La CNESST veut mieux accompagner les victimes de harcèlement sexuel au travail

Le ministre du Travail, Jean Boulet, lors d’une conférence de presse le 29 juin dernier
Christinne Muschi La Presse canadienne Le ministre du Travail, Jean Boulet, lors d’une conférence de presse le 29 juin dernier

Le ministre québécois du Travail, Jean Boulet, a annoncé lundi des actions pour s’attaquer au harcèlement sexuel au travail, un fléau décrit en mai dernier par un rapport d’expertes qu’il avait commandé.

Selon ce document de 350 pages, intitulé Mettre fin au harcèlement sexuel dans le cadre du travail. Se donner les moyens pour agir, le harcèlement sexuel en milieu de travail est courant au Québec, mais rarement signalé ou dénoncé à l’employeur. Parmi les 82 recommandations qui s’y trouvent, 23 sont des mesures administratives concernant la Commission des normes, de l’équité, de la santé et de la sécurité du travail (CNESST). M. Boulet et la p.-d.g. de la CNESST, Manuelle Oudar, ont affirmé que 90 % de ces mesures ont été mises en place dans les derniers mois ou le seront d’ici la fin de 2023.

« La CNESST devient encore plus accueillante envers les personnes qui veulent faire une plainte ou une réclamation », a déclaré le ministre. Par exemple, les réclamations en indemnisation en lien avec une violence à caractère sexuel sont maintenant priorisées. « C’est important pour les victimes d’être entendues rapidement », a souligné Mme Oudar.

Par ailleurs, 18 conseillers en santé psychologique, embauchés pendant la dernière année, soutiendront en partie les victimes de violences sexuelles.
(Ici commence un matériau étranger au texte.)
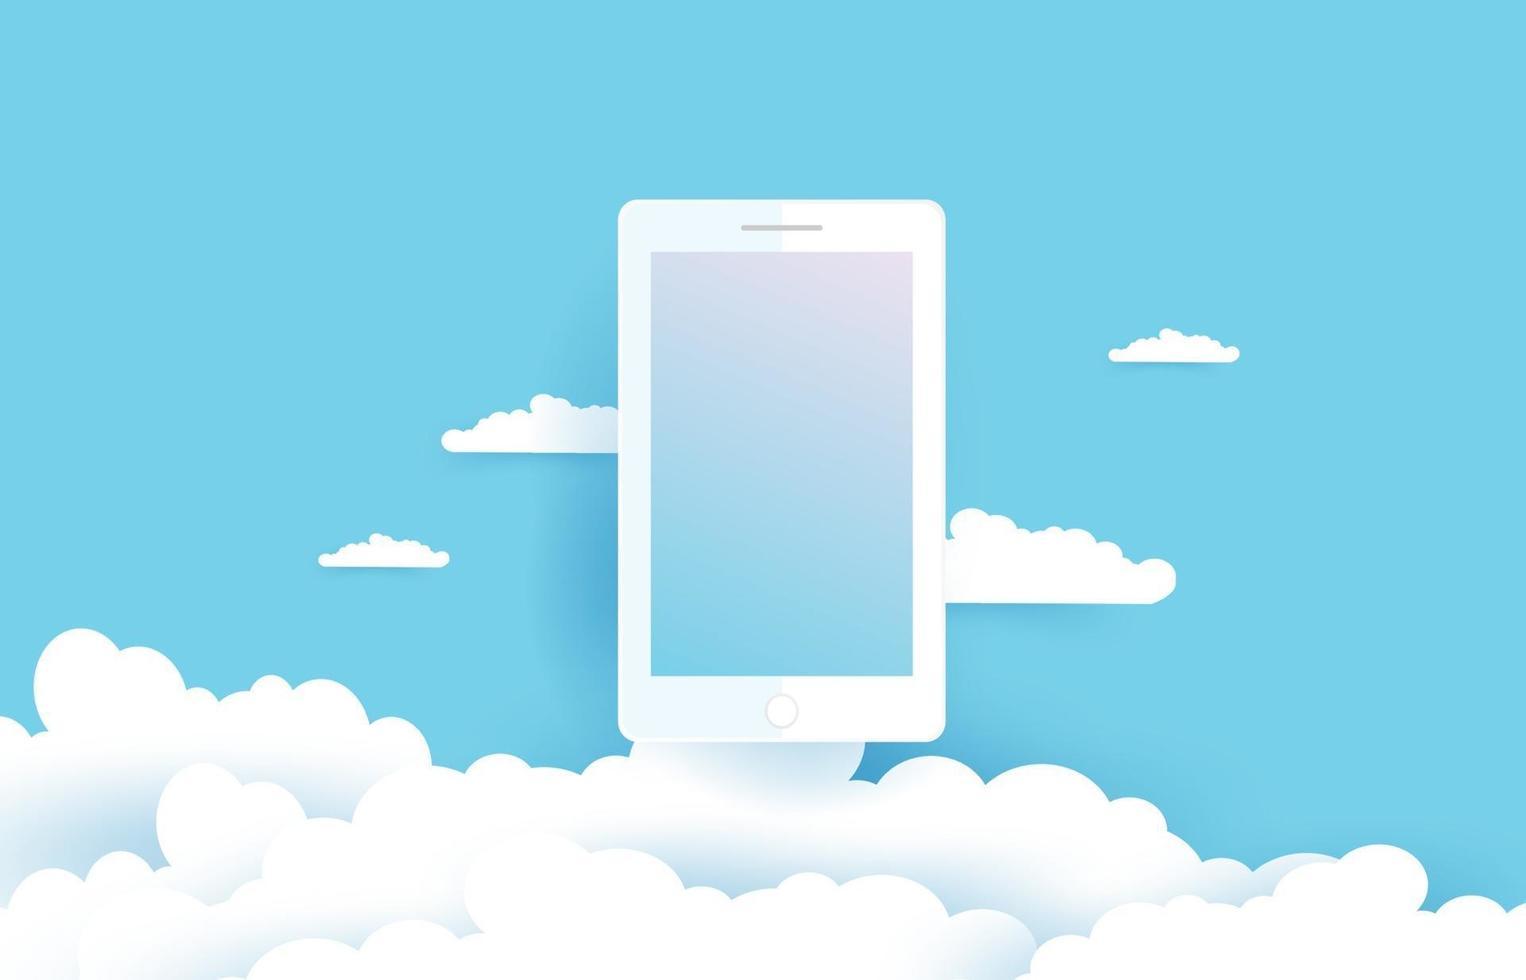 móvil y nubes en estilo de corte de papel. ilustración vectorial eps10. vector

M. Boulet a également précisé que la CNESST accentuerait ses démarches auprès des entreprises pour vérifier que les milieux de travail les plus à risque ont bien mis en place des politiques de prévention du harcèlement psychologique ou sexuel.

Des formations seront aussi offertes à des centaines d’employés de la CNESST afin qu’ils comprennent bien ce qu’est la violence à caractère sexuel et qu’ils sachent bien accompagner les personnes vivant cette problématique. Ces formations seront notamment données dans le cadre d’un partenariat avec l’organisme Juripop, qui développe une expertise en la matière.
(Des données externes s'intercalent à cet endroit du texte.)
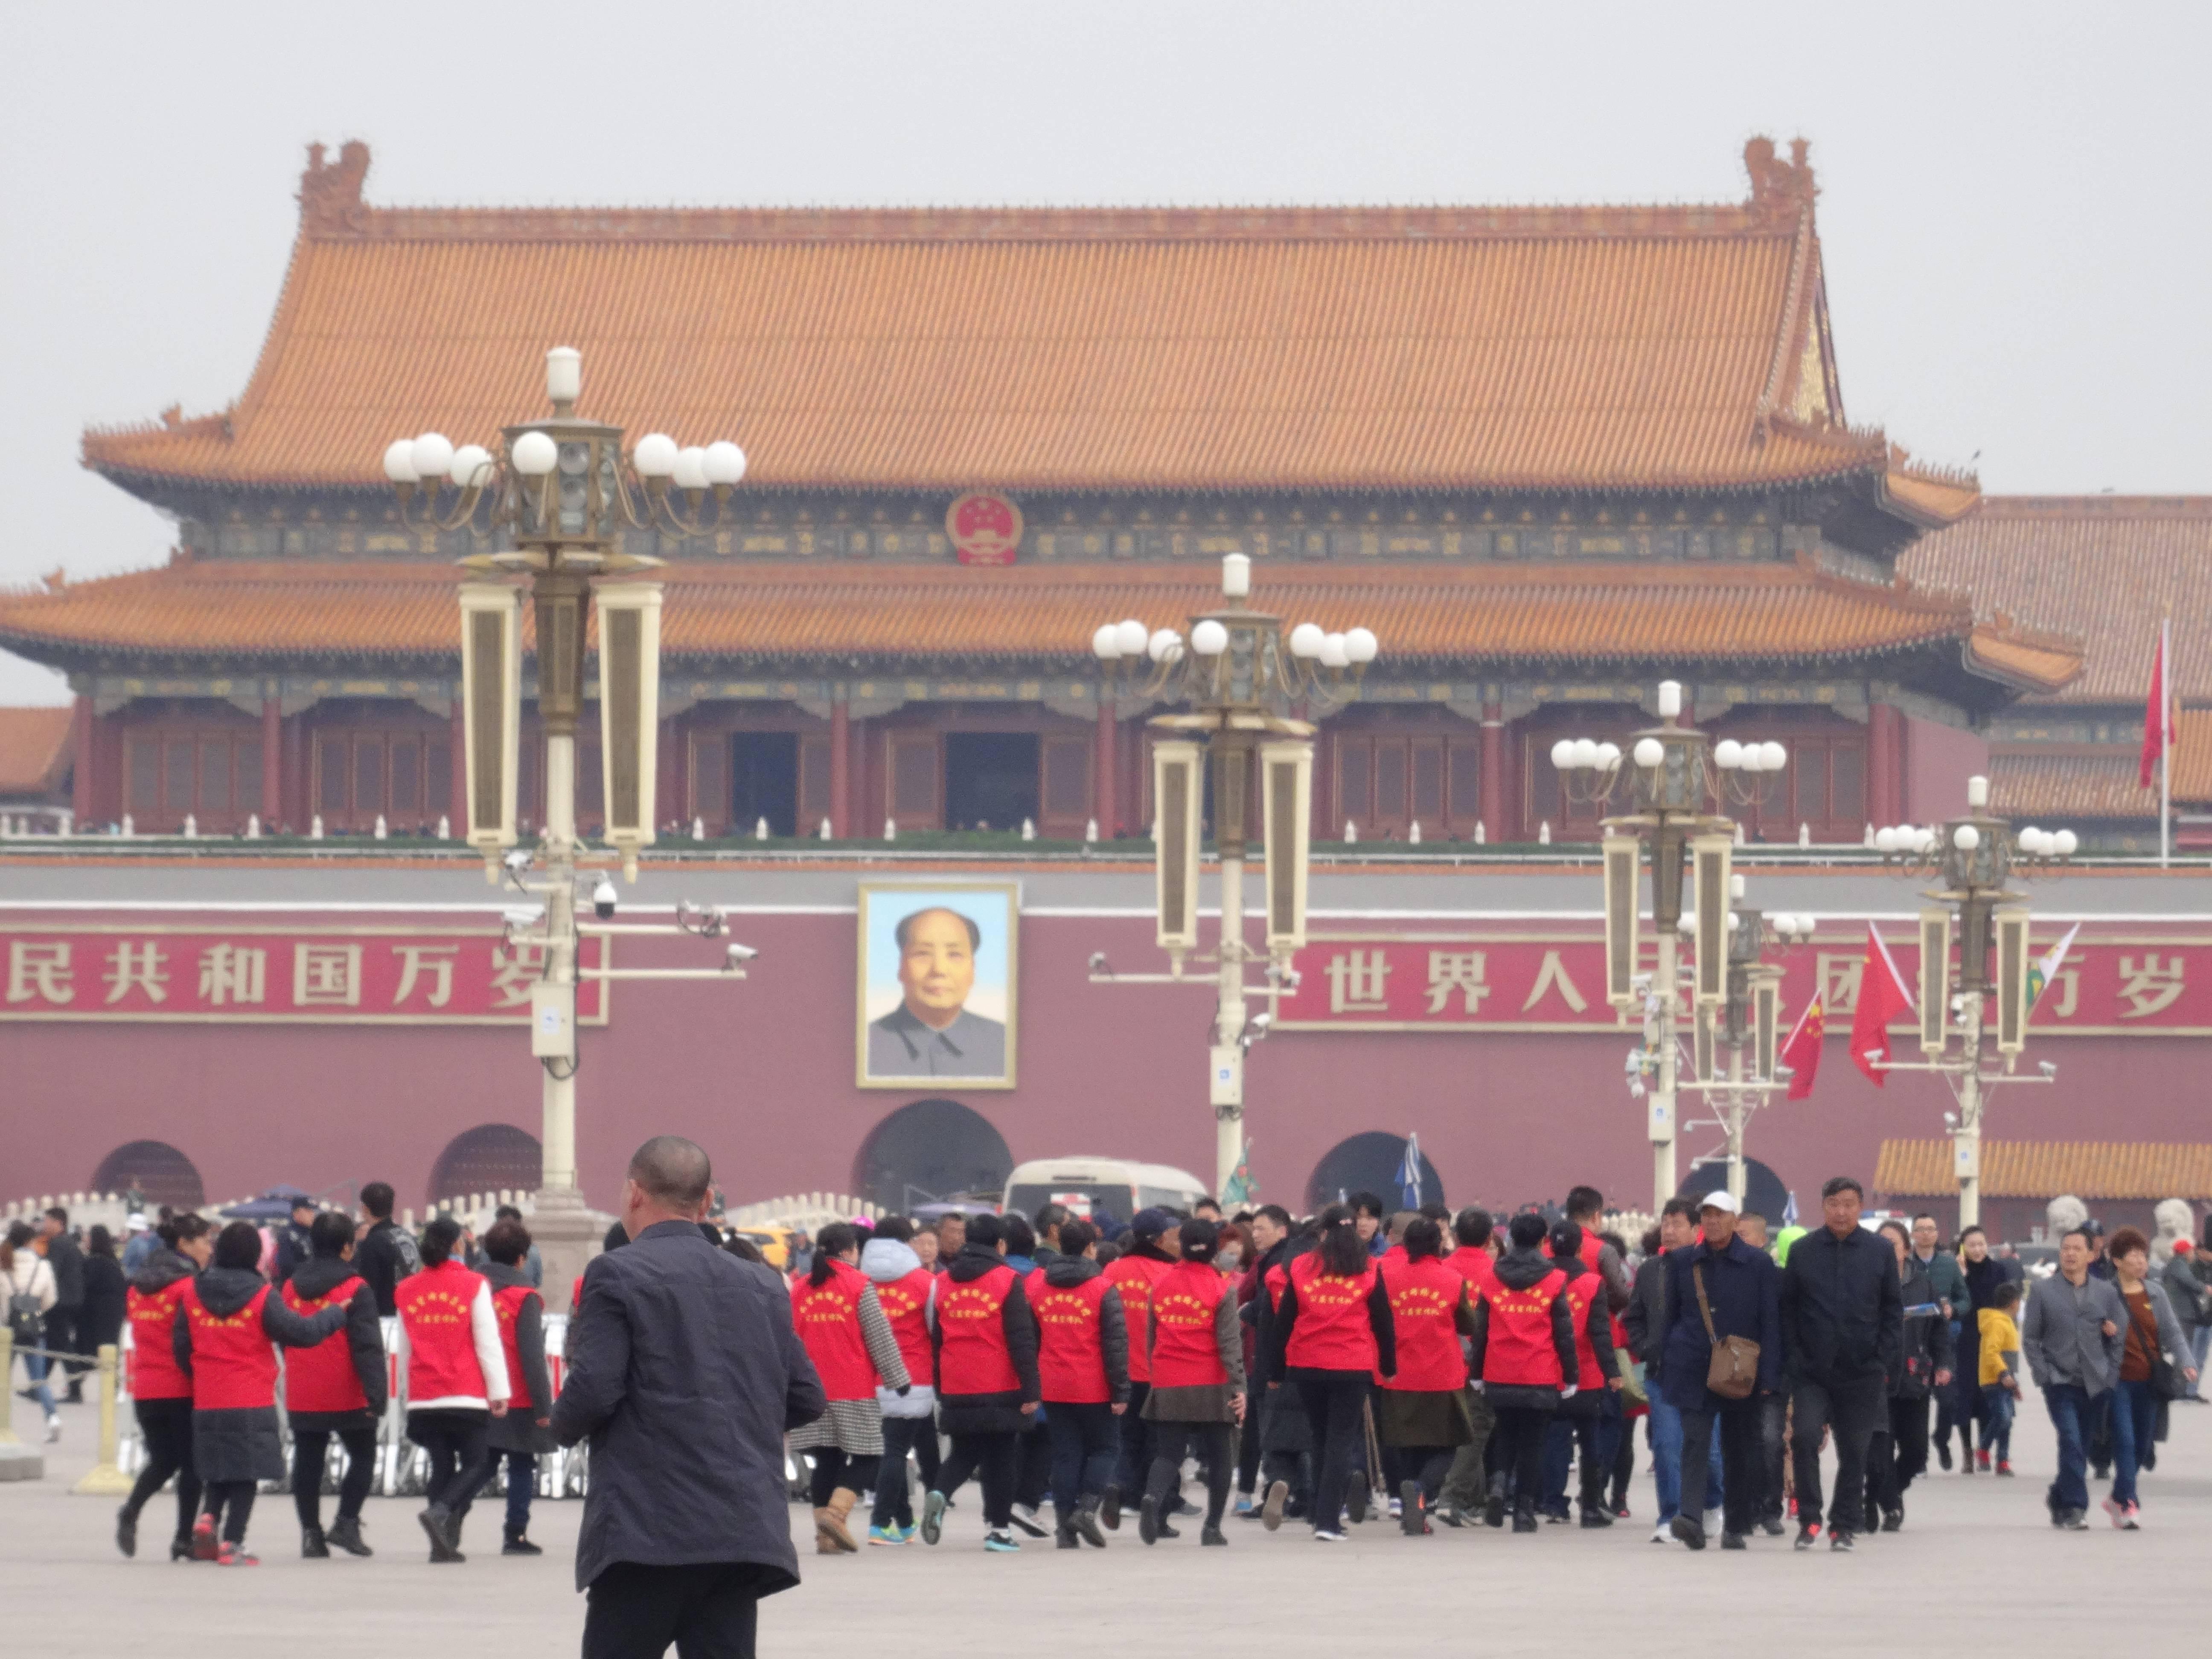 Photo 1: Chine, Pékin, la Place Tien'anmen....un incontournable...

« On remarque que les réponses humaines que les personnes reçoivent de leur employeur, de leurs proches et de la CNESST peuvent constituer des obstacles d’accès à la justice, a indiqué Me Sophie Gagnon, directrice générale de Juripop. Par exemple, quand on va demander à une victime de répéter son histoire ou qu’on va minimiser ce qu’elle a vécu, ça peut faire en sorte que la personne abandonne ses droits. Elle peut aussi alors fournir une preuve confuse et avoir moins de chances d’obtenir gain de cause. »

Un projet de loi en vue

 

Un projet de loi devrait compléter ces changements au cours de la prochaine session parlementaire à Québec, si on en croit le ministre Boulet. En effet, le rapport d’expertes soulignait que les victimes faisaient face « à un cadre juridique complexe et fragmenté » qui leur mettait des bâtons dans les roues. Il mettait l’accent sur une trentaine de recommandations de nature législative, notamment la création d’une Division spécialisée en matière de violence à caractère sexuel au sein du Tribunal administratif du travail. « On est toujours en consultation et en analyse d’impact à ce sujet », a affirmé M. Boulet.

Le comité d’expertes ayant rédigé le rapport a réagi lundi en saluant la « belle ouverture » de la CNESST et « la rapidité de [sa] réponse pour améliorer l’accueil des personnes victimes ». « Nous demeurons en attente d’un projet de loi avant de nous prononcer sur la capacité de la réponse à notre rapport à opérer un changement réel au bénéfice des personnes victimes », a commenté par courriel Rachel Cox, professeure du Département des sciences juridiques de l’UQAM, au nom du comité.

Le Groupe d’aide et d’information sur le harcèlement au travail de la province de Québec s’est aussi réjoui de voir que ce dossier est pris au sérieux. Sa directrice générale, Cindy Viau, a rapporté que son organisme offre des services gratuits d’écoute, de soutien et d’accompagnement pour les personnes qui vivent du harcèlement psychologique ou sexuel au travail.